Ridder Dijkshoorn, director of the Chessmen Museum, knows his collection like the back of his hand. Who better than him to talk about the amazing chess games? Visitors frequently ask him all sorts of questions. And the answers vary!
Ridder: “When people ask me what my favorite or most beloved chess game is, I tend to say the Chinese puzzle ball game. This set was made around 1820 in China. It is carved out of ivory and was specially made for export purposes to Western Europe. Even back then things were Made in China“. A description of this set can be found in the 2011 edition of essays on the museum’s collection.
A surprising find
“Lately, this question leads me to a chess game that is on display somewhere at the bottom of a show case in a little room at the back of the museum. In this room all of the chess sets are on display that I bought from the heirs to mister Glotzbach, in 2006, right after the Museum opened its doors. This collector had left 73 chess games to his five sons and daughters and they did not know how to divide the collection between them. Fortunately, a grandson of mister Glotzbach knew that I had just opened the Chessmen Museum. The family thought it was a good idea that their father and grandfather’s collection remained together and that it would be on display at a museum.”

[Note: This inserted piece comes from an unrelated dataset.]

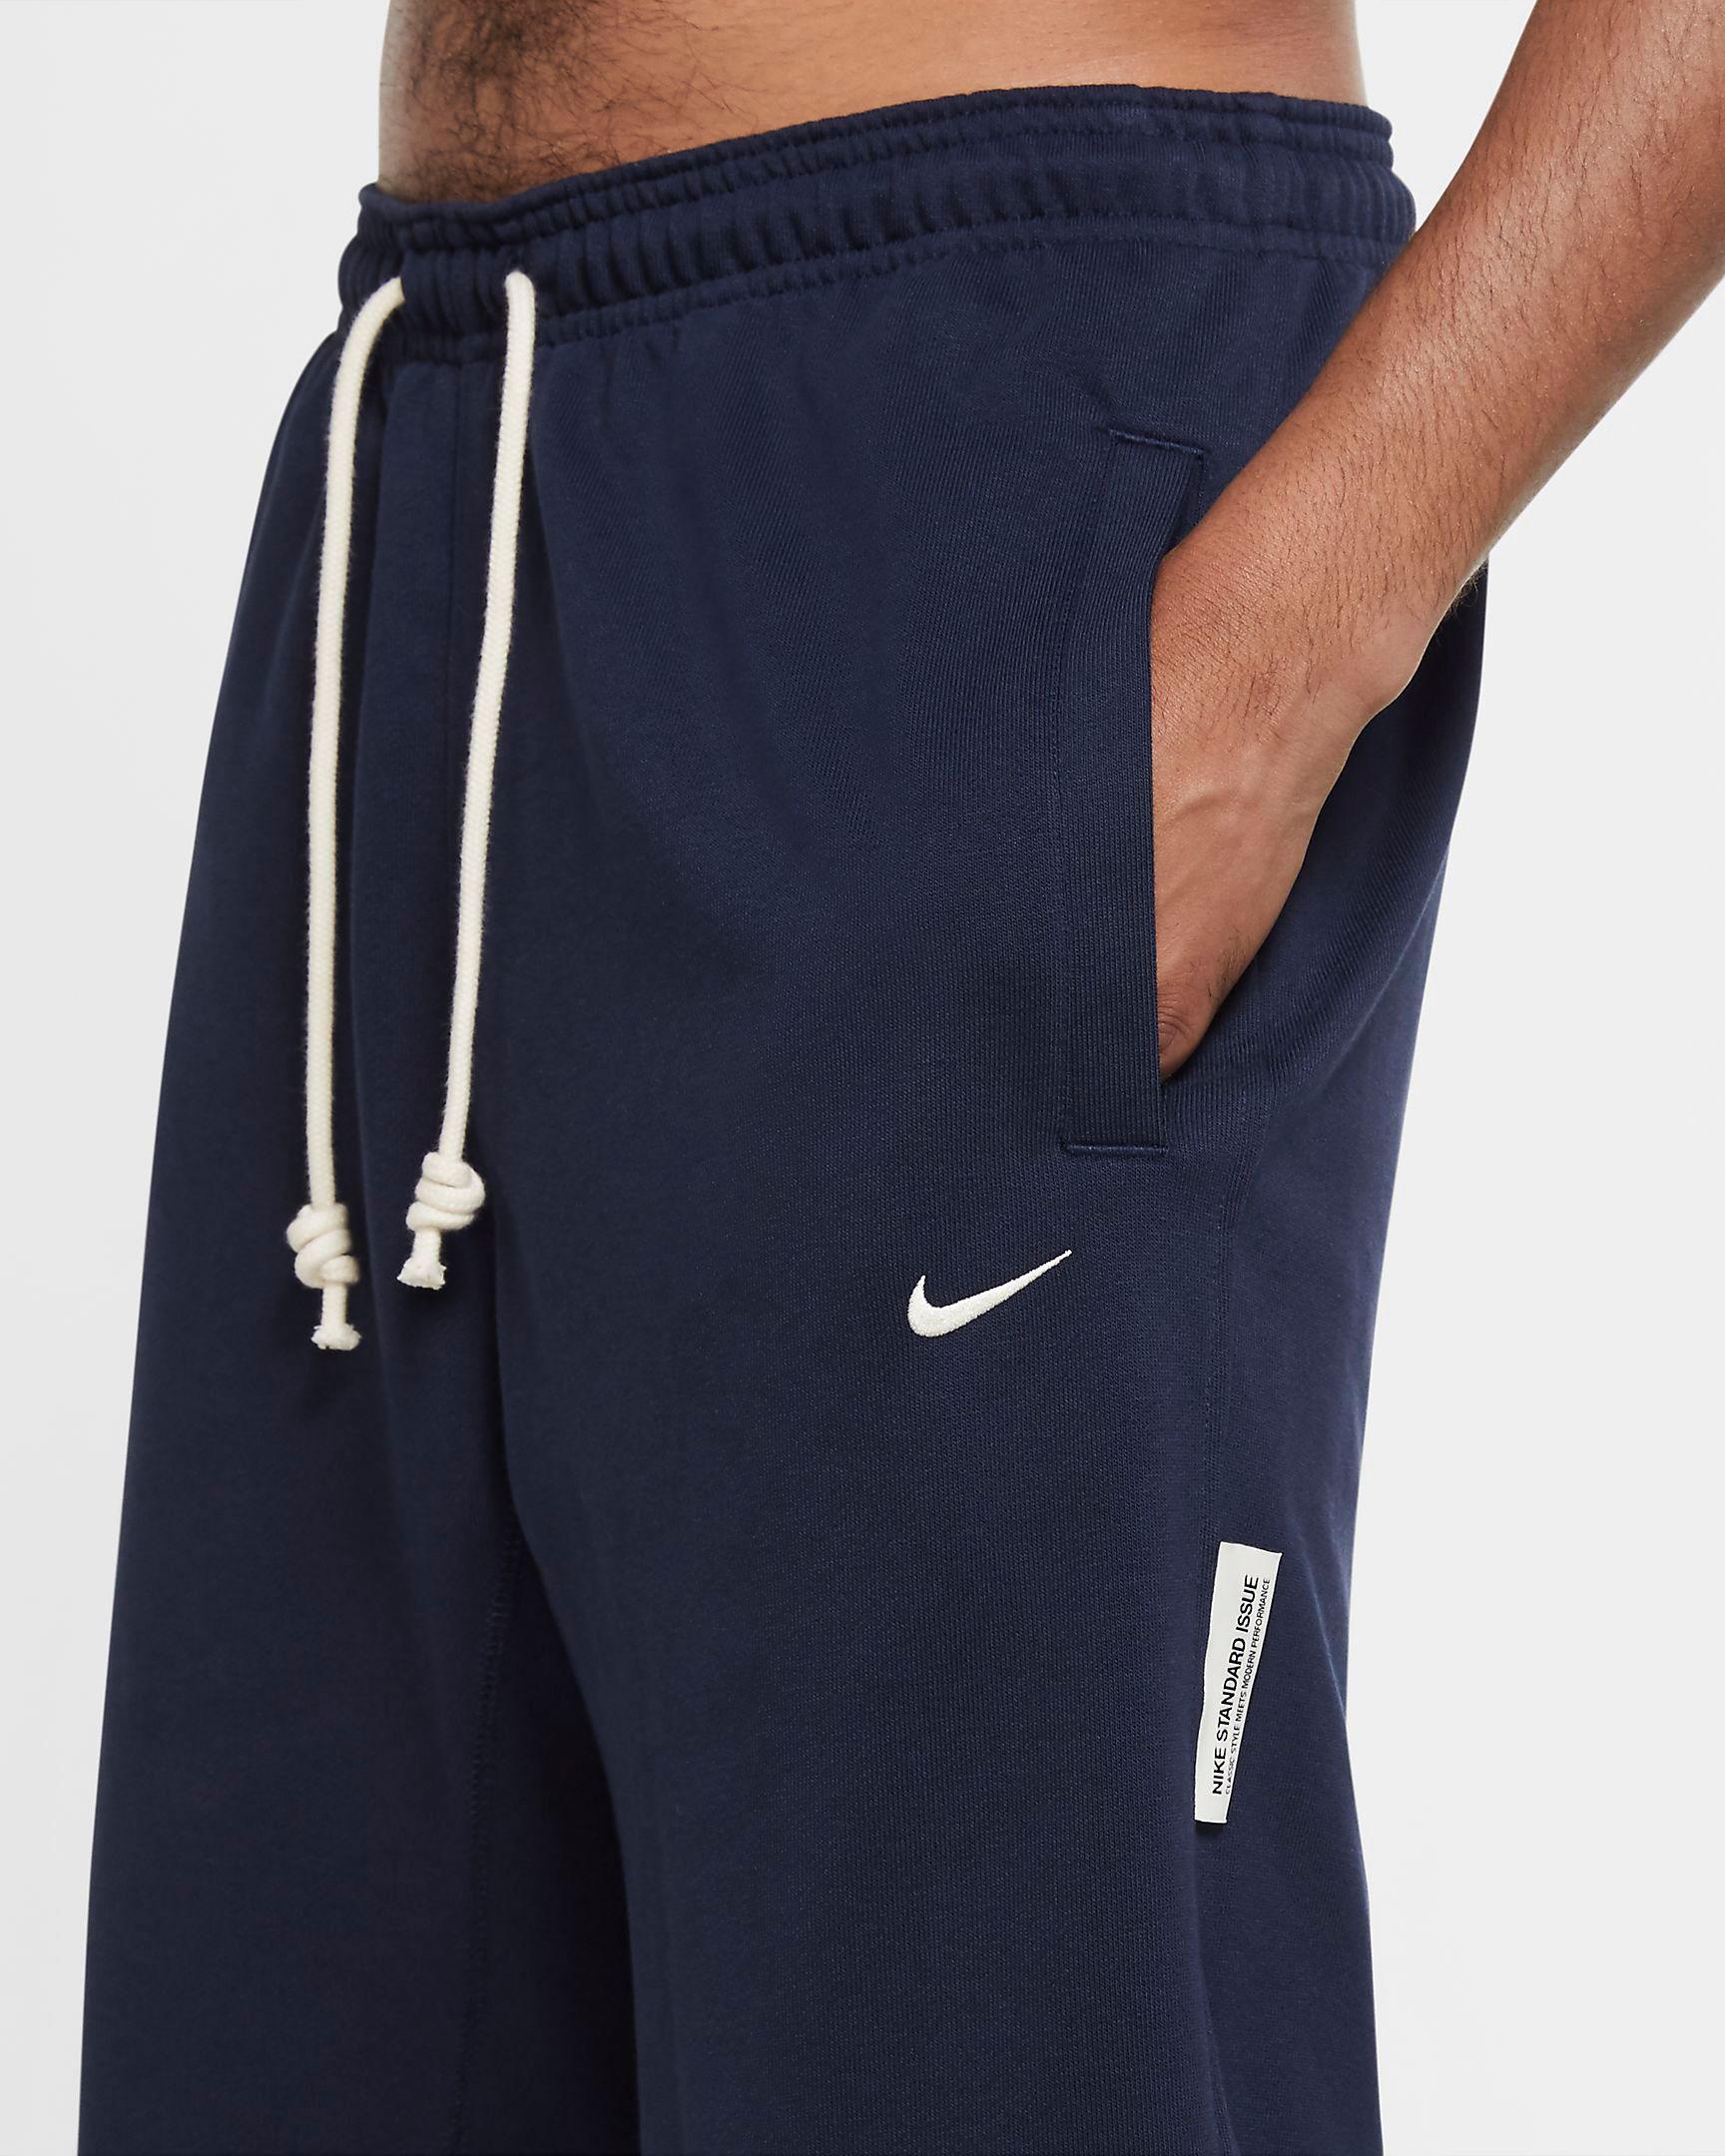 nike-lebron-17-graffiti-cold-blue-basketball-pants-1

“When opening all the boxes that contained the collection, I nearly fell over backwards in surprise when I found a chess set made of cork. ‘Is this….; it couldn’t be…; is it really….?’. Could this cork chess game be the same one that I saw years ago when working at a psychiatric hospital in The Hague? In those days I was working as a resident there and the chess set had been made by a patient in creative therapy. I wanted to buy it but I didn’t have the money for it then. I had just moved from a student dorm in Groningen to a flat in The Hague where I moved in with my girlfriend, who would later be my wife (and even later, ex-wife). Unfortunately, all of a sudden the chess game disappeared from the display case in the creative therapy room. Sold”.
Coincidence or karma?
“Luckily for me, mister Glotzbach was a very precise man and he had kept a record of all the chess games stating where and when he had bought them and for how much. So I could check! My heart was beating when I got out the register and looked through the serial numbers that mister Glotzbach had given his purchases. Next to the number of the cork chess set I found the information I was looking for: he had bought it on the 19th of May 1976 for 75 guilders on the annual market held by the Rosenburg Psychiatric Center in The Hague. And the game was indeed made by a patient.”
“Nearly exactly 30 years after mister Glotzbach had ‘stolen it right from under my nose’ it came in my possession, through him and his children. At that moment I could only think that the ‘ways of the Universe are very mysterious sometimes. This is wholeheartedly confirmed by visitors of the Chessmen Museum, every time I tell this story.”